VERSLAG over het voorstel voor een verordening van het Europees Parlement en de Raad betreffende intrekking van Verordening (EG) nr. 1342/2007 van de Raad betreffende het beheer van bepaalde beperkingen op de invoer van bepaalde ijzer- en staalproducten uit de Russische Federatie
30.3.2012 - (COM(2011)0715 – C7‑0396/2011 – 2011/0315(COD)) - ***I
Commissie internationale handel
Rapporteur: Robert Sturdy
PR_COD_1amCom
ONTWERPWETGEVINGSRESOLUTIE VAN HET EUROPEES PARLEMENT
over het voorstel voor een verordening van het Europees Parlement en de Raad betreffende intrekking van Verordening (EG) nr. 1342/2007 van de Raad betreffende het beheer van bepaalde beperkingen op de invoer van bepaalde ijzer- en staalproducten uit de Russische Federatie
(COM(2011)0715 – C7‑0396/2011 – 2011/0315(COD))
(Gewone wetgevingsprocedure: eerste lezing)
Het Europees Parlement,
– gezien het voorstel van de Commissie aan het Europees Parlement en de Raad (COM(2011)0715),
– gezien artikel 294, lid 2, en artikel 207 van het Verdrag betreffende de werking van de Europese Unie, op grond waarvan het voorstel door de Commissie bij het Parlement is ingediend (C7‑0396/2011),
– gezien artikel 294, lid 3, van het Verdrag betreffende de werking van de Europese Unie,
– gezien artikel 55 van zijn Reglement,
– gezien het verslag van de Commissie internationale handel (A7-0085/2012),
1. stelt onderstaand standpunt in eerste lezing vast en neemt het voorstel van de Commissie over;
2. verzoekt om hernieuwde voorlegging indien de Commissie voornemens is ingrijpende wijzigingen in haar voorstel aan te brengen of dit door een nieuwe tekst te vervangen;
3. verzoekt zijn Voorzitter het standpunt van het Parlement te doen toekomen aan de Raad en aan de Commissie alsmede aan de nationale parlementen.
TOELICHTING
Achtergrondinformatie
Op 1 december 1997 trad de partnerschaps- en samenwerkingsovereenkomst tussen de Europese Gemeenschappen en hun lidstaten, enerzijds, en de Russische Federatie (Rusland), anderzijds, in werking[1]. In het kader van deze partnerschaps- en samenwerkingsovereenkomst hebben de Europese Gemeenschap en de regering van de Russische Federatie op 26 oktober 2007 een "Overeenkomst betreffende de handel in bepaalde ijzer- en staalproducten" gesloten[2].
Deze overeenkomst betreffende de handel in bepaalde ijzer- en staalproducten (hierna "de overeenkomst" genoemd) werd in de EU ten uitvoer gelegd in de vorm van Verordening (EG) nr. 1342/2007 van de Raad betreffende het beheer van bepaalde beperkingen op de invoer van bepaalde ijzer- en staalproducten uit de Russische Federatie[3]. In de overeenkomst zijn quota's (kwantitatieve maxima) vastgelegd voor de invoer in de EU van staal dat van oorsprong uit de Russische Federatie komt.

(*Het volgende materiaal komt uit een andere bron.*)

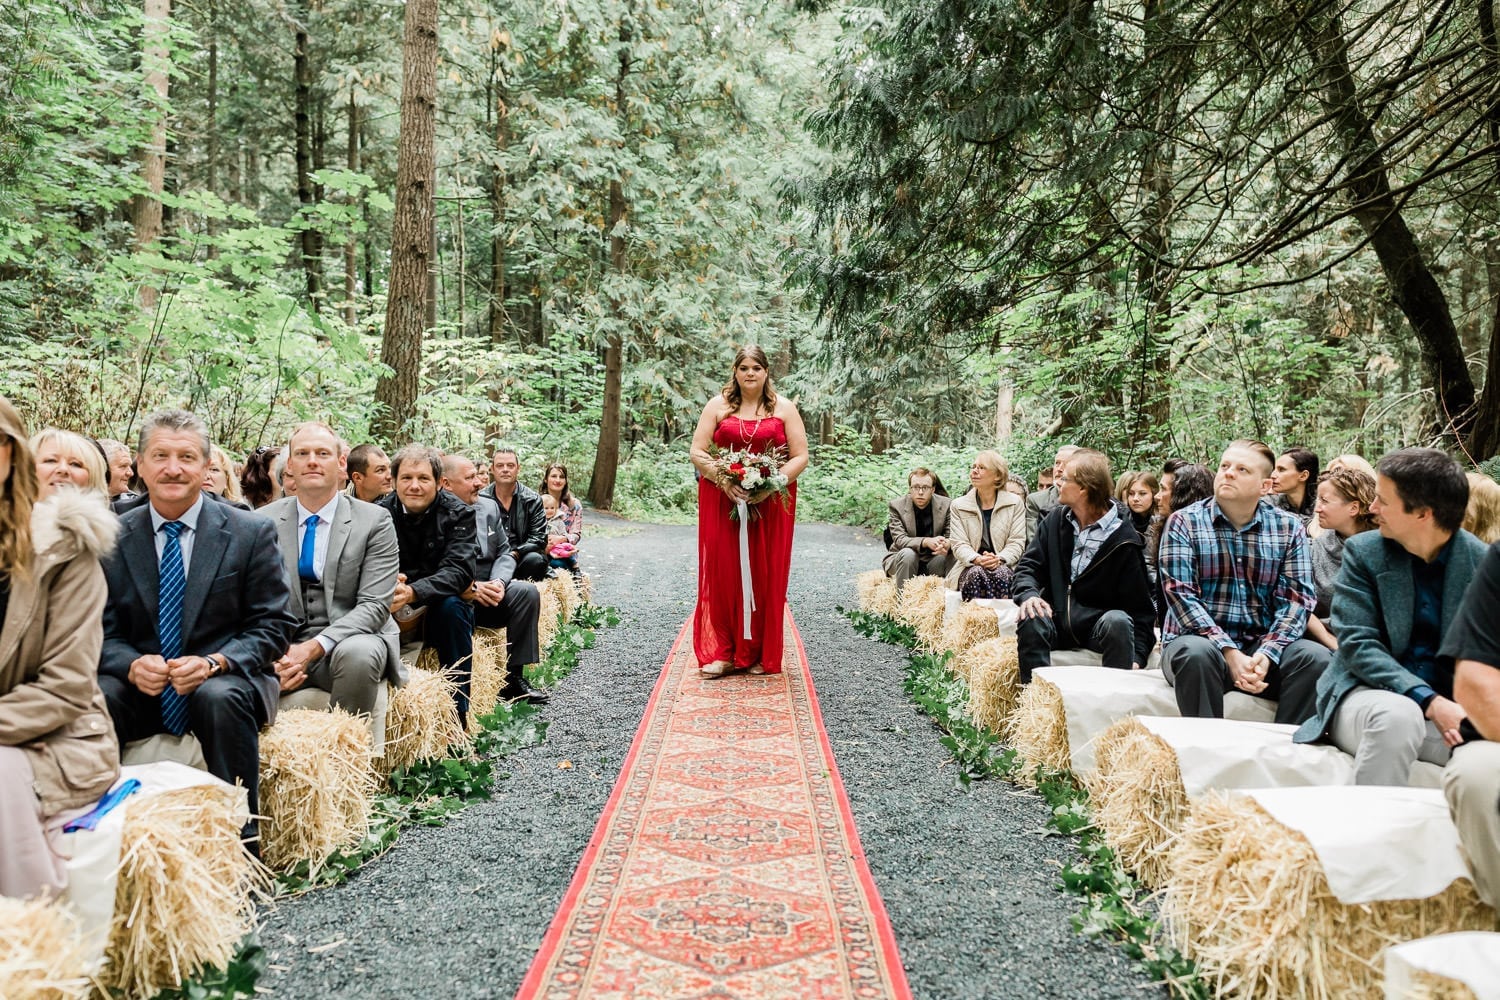 Rustic wedding ceremony photo in Langley | Vancouver wedding photographer

Voorts bepaalt artikel 10, lid 4, van de overeenkomst dat indien de Russische Federatie vóór het verstrijken van de overeenkomst tot de Wereldhandelsorganisatie toetreedt, de overeenkomst moet worden beëindigd en de quota´s moeten worden afgeschaft.

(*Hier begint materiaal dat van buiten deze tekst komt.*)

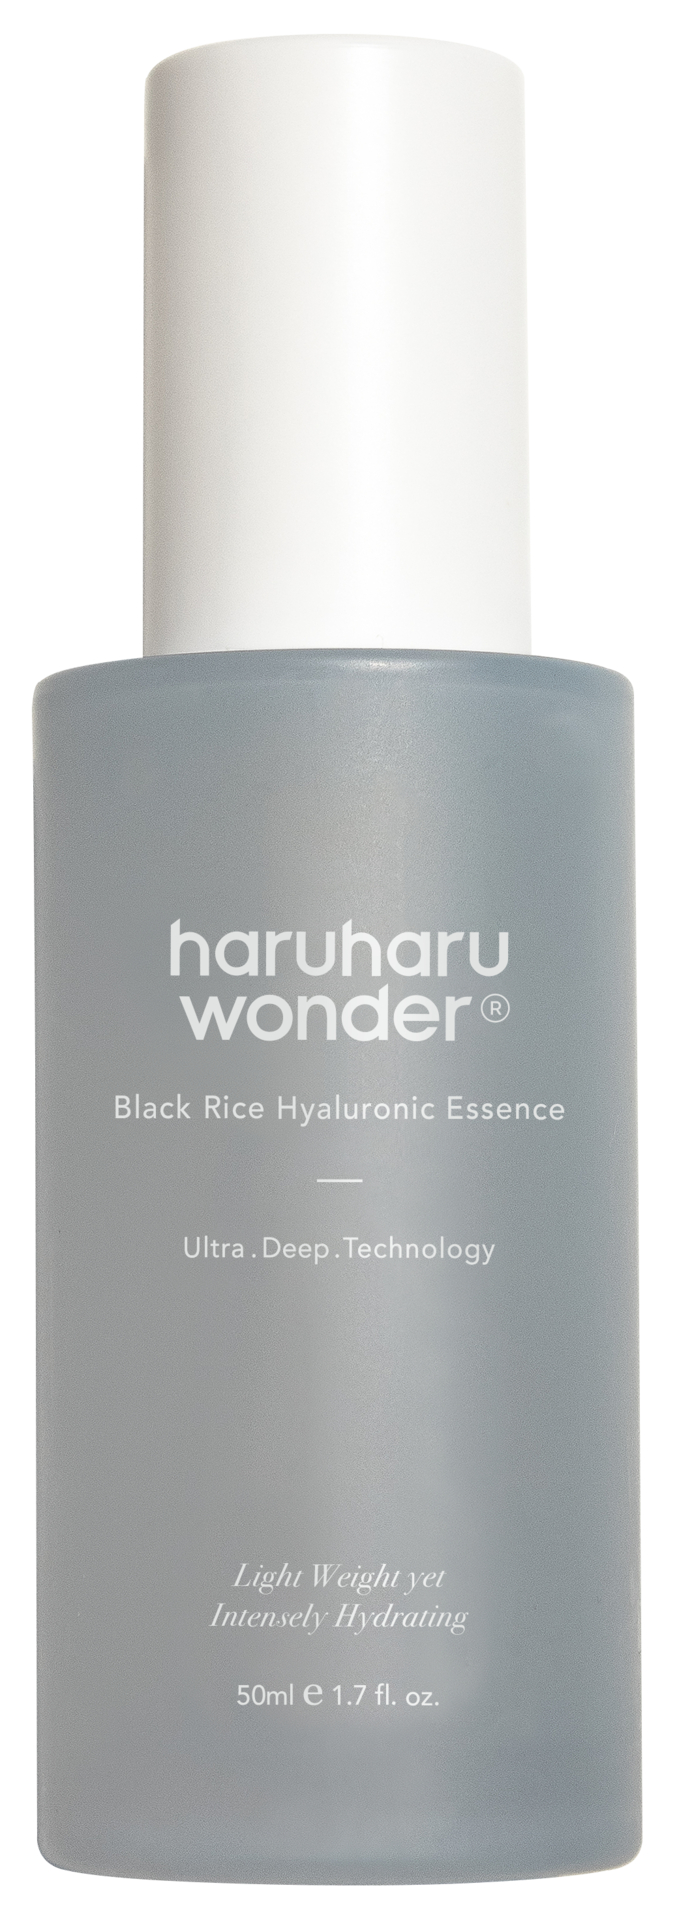 Haruharu Wonder Black Rice Hyaluronic Essence 50ml

Volgens de Commissie was Rusland in 2010 met meer dan 6,5 miljoen ton de grootste exporteur van ijzer- en staalproducten naar de EU, hetgeen neerkomt op 24% van de totale EU-invoer van ijzer- en staalproducten;
Reden voor de intrekking
Het voorstel van de Commissie betreffende intrekking van Verordening (EG) nr. 1342/2007 waarmee de overeenkomst in de EU ten uitvoer is gelegd, vloeit voort uit het hierboven genoemde artikel 10, lid 4, van deze overeenkomst. Gegeven dat de Russische Federatie op 16 december 2011 is toegetreden tot de Wereldhandelsorganisatie heeft de EU sinds de dag van de Russische toetreding tot de WTO niet langer het recht om de bovengenoemde quota´s voor de invoer van staal- en ijzerproducten te hanteren. Behoud van Verordening (EG) nr. 1342/2007 als onderdeel van de EU-wetgeving en de daaraan gekoppelde instandhouding van de quota´s voor de invoer van ijzer- en staalproducten, zouden een schending van de WTO-regels betekenen en de EU blootstellen aan juridische sancties van Russische zijde.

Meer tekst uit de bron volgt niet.